I am 29, from Canada, and my DP began after my delivery (cesarian). I had a normal pregnancy, but at the end of the pregnancy, I began to feel afraid of meds, because I had to take one at the delivery (vancomycin), and it was a strong one. I searched on the net and found many side effects bad for the baby, and I panicked. Also, I had massive fear of pain and epidural,I feared that epidural send me to paralysis. I searched many times on the Net and read horror stories of delivery, how it's hard, etc.
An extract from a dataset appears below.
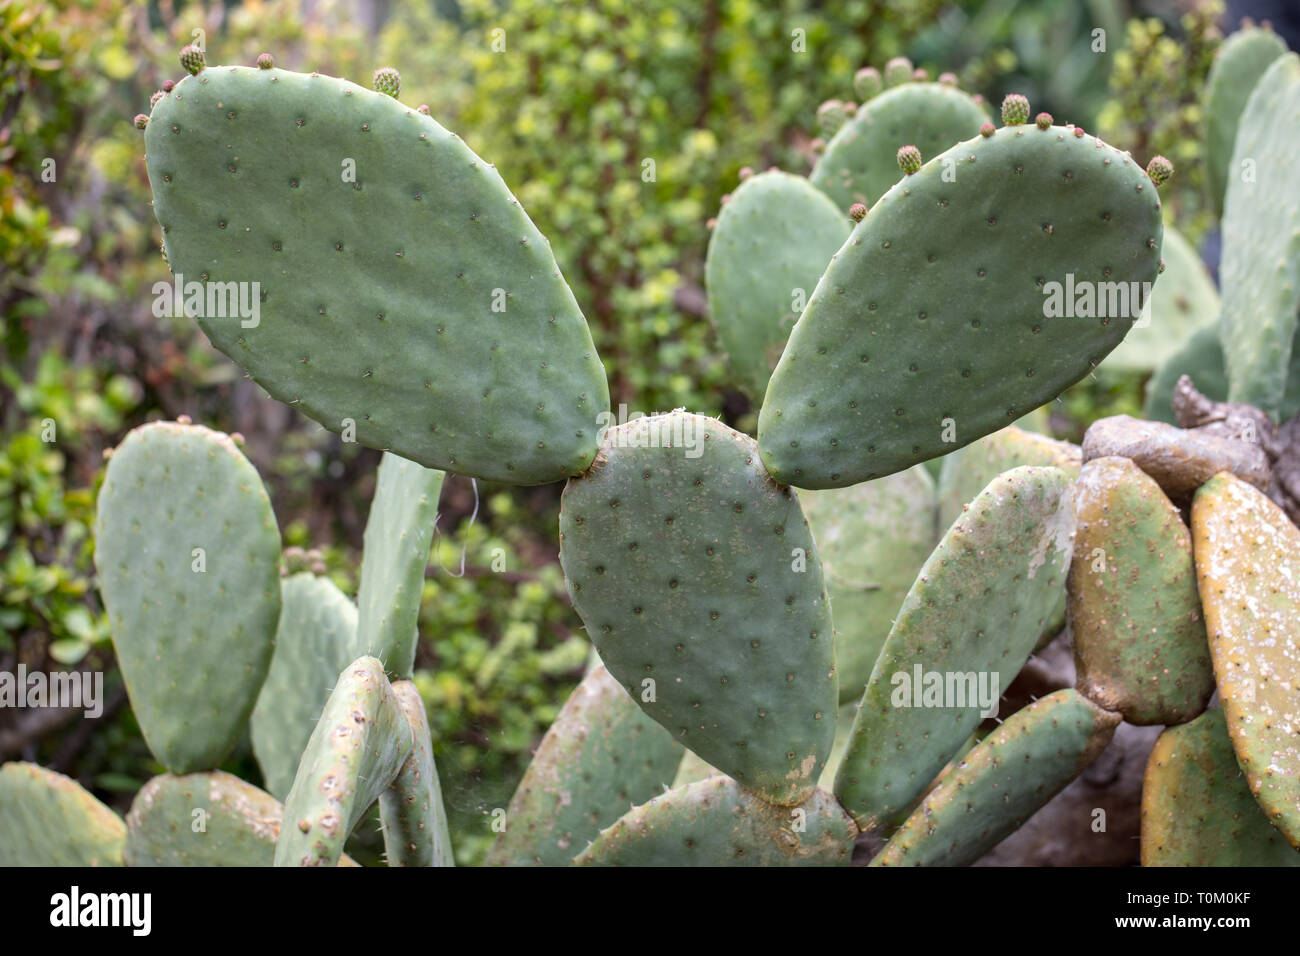 Opuntia vulgaris is a species of cactus that has long been a domesticated crop plant important in agricultural economies throughout arid and semiarid  Stock Photo
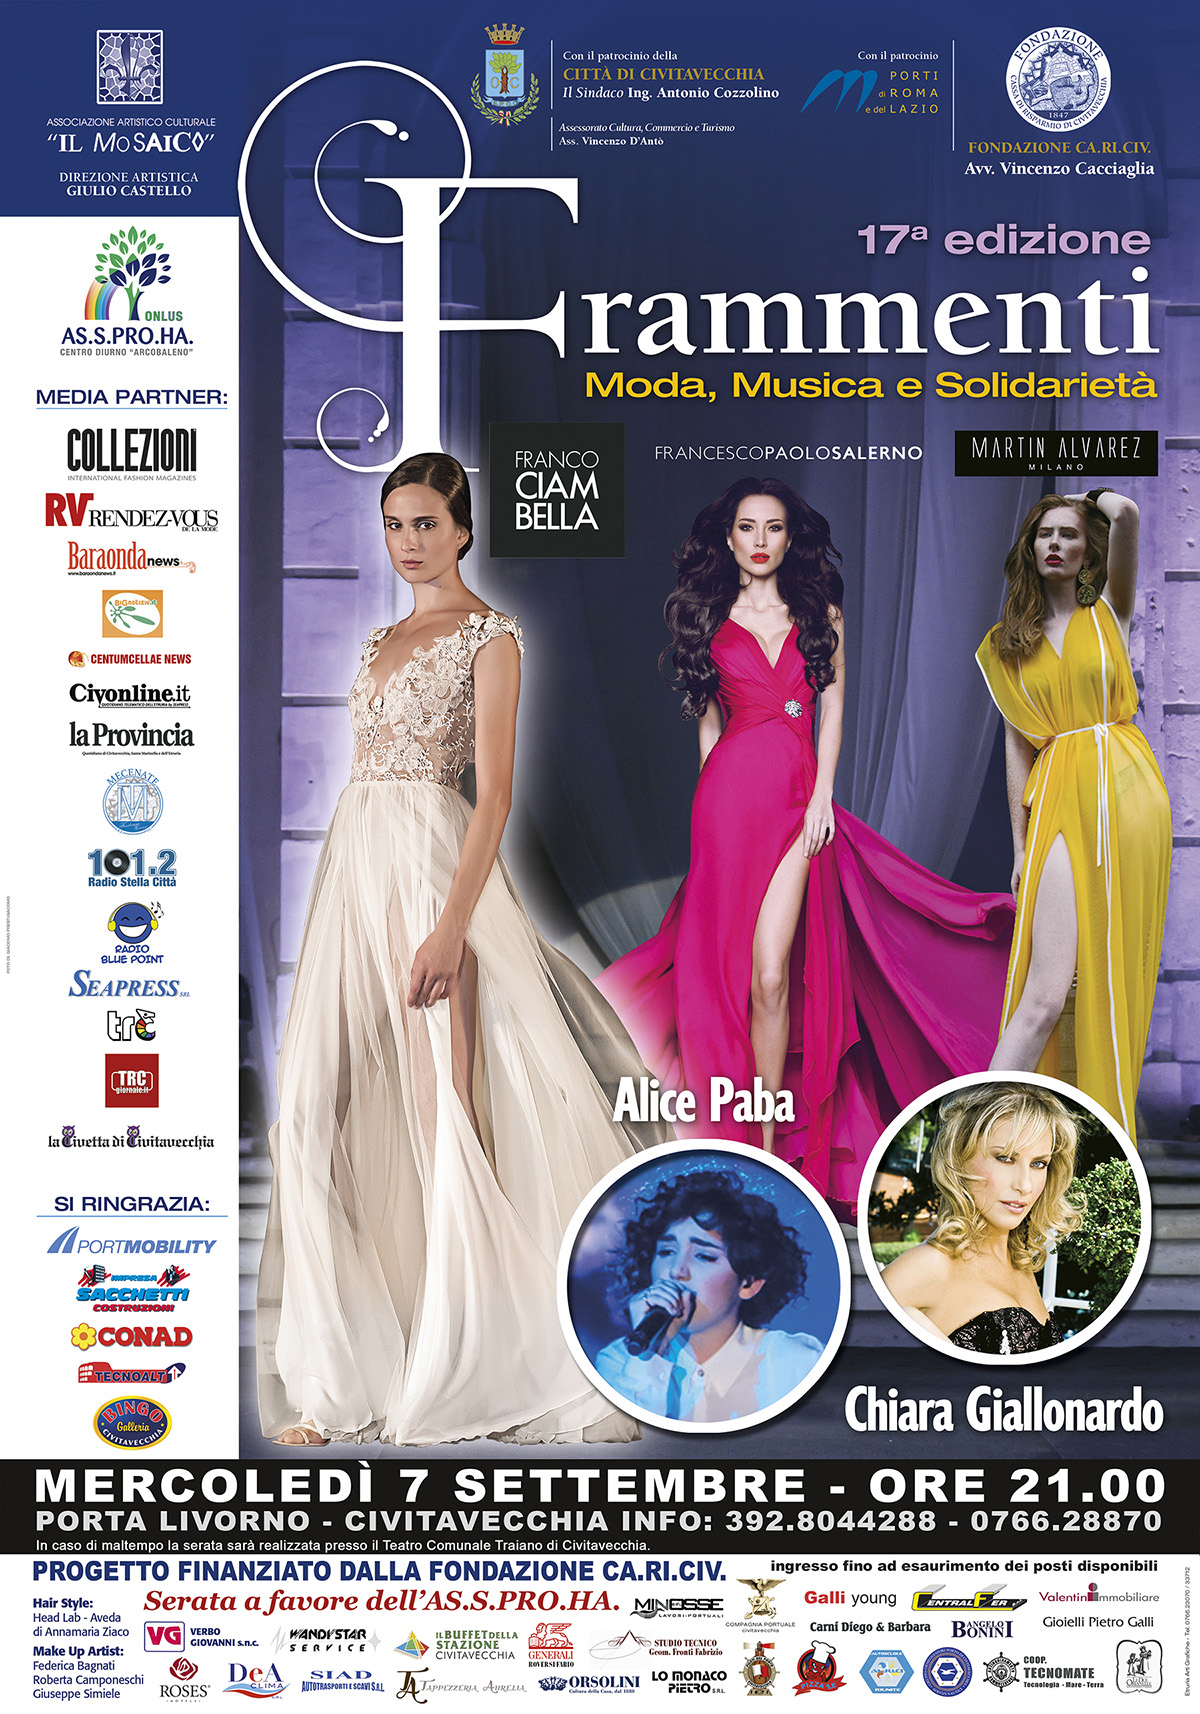 Official Frammenti 2016 Poster

Previously, I had 2 DP episodes, one at 11, and one at 18, caused by what? At 11 years old, I don't know, at 18 years old, I smoked pot and my father lost his job, and I quit university (all at the same time). The 2 times, it lasted 1 year, I saw many doctors, and nothing was wrong... except one family doctor who said it COULD HAVE BEEN schizo, but it wasn't because I didn't have delusions or hallucinations. But the fear stayed in my mind, and after, I coulnd't read the word and I started to feel DP/DR. I never took meds, continued my life, and it went away like that. It was less worse than now.

Just before the delivery, I talked about my boyfriend about this DP episode (I never talked to everyone about it, because when I thought about it, I feared it came back). But I said to him I didn't want this to come back.

At the delivery, thought, when I had contractions, I didn't scream one time. In 7 hours. I went into my bubble, closed eyes, and count in my head. It was horrible, the pain, but everyone as telling me I was great. Unfortunately, they had to do a cesarian, so after my epidural, I had an anesthesia. The baby was almost there, so they had to throw him out of me, it was like they thowed me outside of me. I felt panick too, because the anesthesia was under my stomach, I was convinced I had a lack of oxygen, and that was endommaging my brain. I thought I was dying. It wasn't the case at all, so they gave me Versed to calm me.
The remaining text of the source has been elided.